Emission Control Technologies in Compression Ignition Engines

 Emission Control Technologies in Compression Ignition Engines

The need to control emissions comes as a result of new standards proposed by the EPA (Environmental Protection Agency). The Draft RIA (Draft Regulatory Impact Analysis) provides economical, technical, and environmental analysis for compression ignition engine (Jackson, 2012). The anticipated reduction is meant to reduce emission of gases that have a negative impact on the environment, which includes hydrocarbons (HC), oxides of Nitrogen (NOx), particulate matter (PM) and carbon monoxide (CO).

In 2002, the regulatory board adopted verification procedure that involved in-Use Strategies to help reduce emissions from diesel engines (Jackson, 2012). The verification procedures defined a clear process, which manufacturers handling emission control equipments can follow, and demonstrate reduction capabilities in their control technologies. There are several technologies that are currently available and useful in controlling diesel particulate matter from portable diesel engines Some examples of control technologies that can be employed includes fuel oxidation catalyst, fuel particulate filter, selective catalyst reduction system, exhaust gas recirculation, alternative diesel fuel systems, and fuel additives (Mahgoub, Sulaiman & Karim, 2012). Majority of these methods are currently being verified by the ARB portable diesel engines and on-road vehicles. Currently, the only technology that has been verified by ARB for off-road engine use is the diesel oxidation catalyst.

Fuel particulate filters reduce fuel PM emissions through the process of filtration. This technology has demonstrated great efficiency, and has been used to reduce diesel PM by almost 90% (Mahgoub, Sulaiman & Karim, 2012). There are several classes for fuel particulate filters, which include active, passive, and flow-through.

Passive fuel particulate filters make use of catalytic material that enables the trapped PM to be oxidized or burned-off at lower temperatures. In order for this system to be effective, the exhaust must maintain a minimum temperature when the engine is operating for certain duration (Mohanamurugan & Sendilvelan, 2010). Otherwise, there will be accumulation of diesel or fuel PM in the filter causing operation problems. There are several fuel particulate filters that have been verified for on-road purposes. However, there are no fuel particulte filters that have been verified for application on the portable engines.

Active fuel particulate filter function the same as passive fuel filters but differ in the sense that they oxidize by using heat from the engine exhaust. Flow through the filter (FTF) technology is a current technology that is being employed to reduce PM emissions. In this method, the exhaust is allowed to move through certain media, such as wire mesh with high density causing turbulent flow conditions (Mahgoub, Sulaiman & Karim, 2012).

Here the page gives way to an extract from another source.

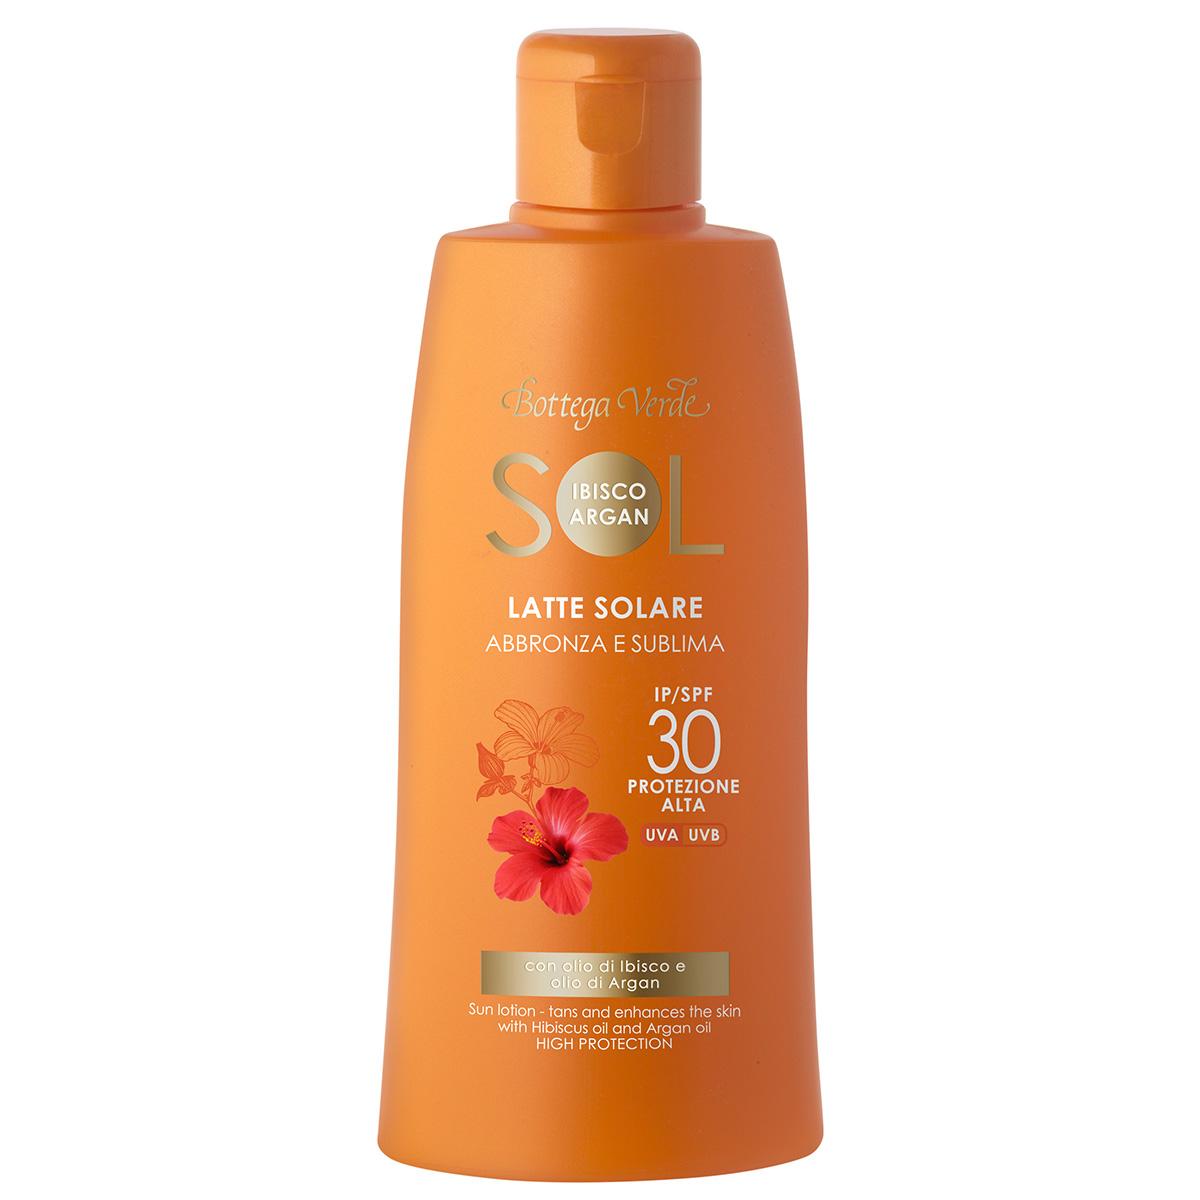 Lapte de corp pentru plaja cu ulei de hibiscus si argan - waterproof - Sol Ibisco Argan, 200 ML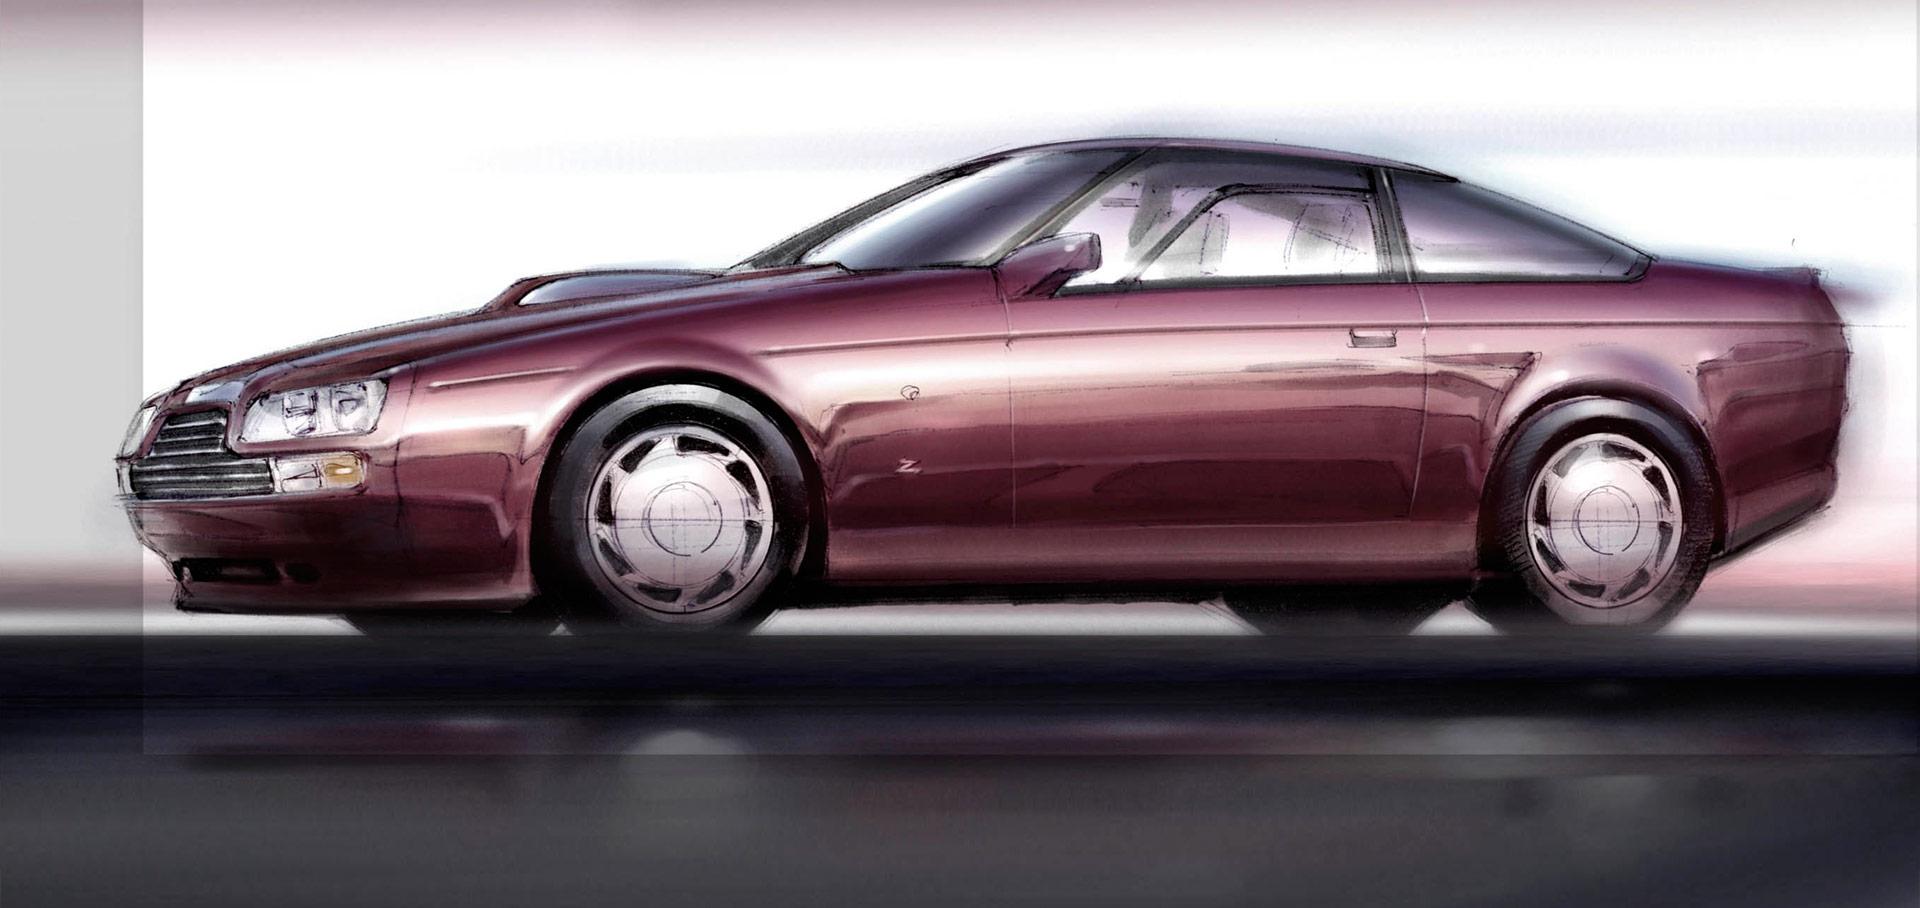 1986 Aston Martin V8 Vantage Zagato Design Sketch Car Body Design

Various emission control strategies have been employed on land-based nonroad, locomotives, and on-highway engines. The strategies used to reduce exhaust emission include better fuel control, combustion optimization, exhaust gas recirculation, after-treatment, and improved charge air characteristic.

Combustion Optimization

There are several parameters present in the combustion chamber of compression ignition engines that affect its emission and efficiency. These parameters include combustion chamber geometry, injection timing, valve timing, turbulence, compression ratio, fuel spray geometry and rate, injection pressure, peak cylinder temperature and pressure, and intake air pressure and temperature (Mohanamurugan & Sendilvelan, 2010). The strategies employed in controlling emissions have proved to be complex because positive influence on one of the polutants causes a negative influence on another pollutant. For example, reduction of NOx using charge air cooling increase PM. Therefore, these complexities require the manufacturers to integrate all the variable present for proper optimization of the systems to meet the proposed standards.

Timing Retard

The effect of ejecting timing on performance and emissions plays a key role in creation of vital strategies for controlling emissions. Retard timing is most likely applied at cruising speeds where compression ignition engines take most of their operating time (Jianyong et al, 2014). NOx emissions are reduced as a result of shortened premixed burning phase and lowered pressure. Timing retard raises CO, HC and fuel consumption, but because the end of injection delays in the combustion stroke, the time required to extract energy from combustion of fuel is reduced and cylinder pressure and temperature reduces for incomplete oxidation of PM (Mohanamurugan & Sendilvelan, 2010). One method that can be employed to offset this trend is using high injection pressure.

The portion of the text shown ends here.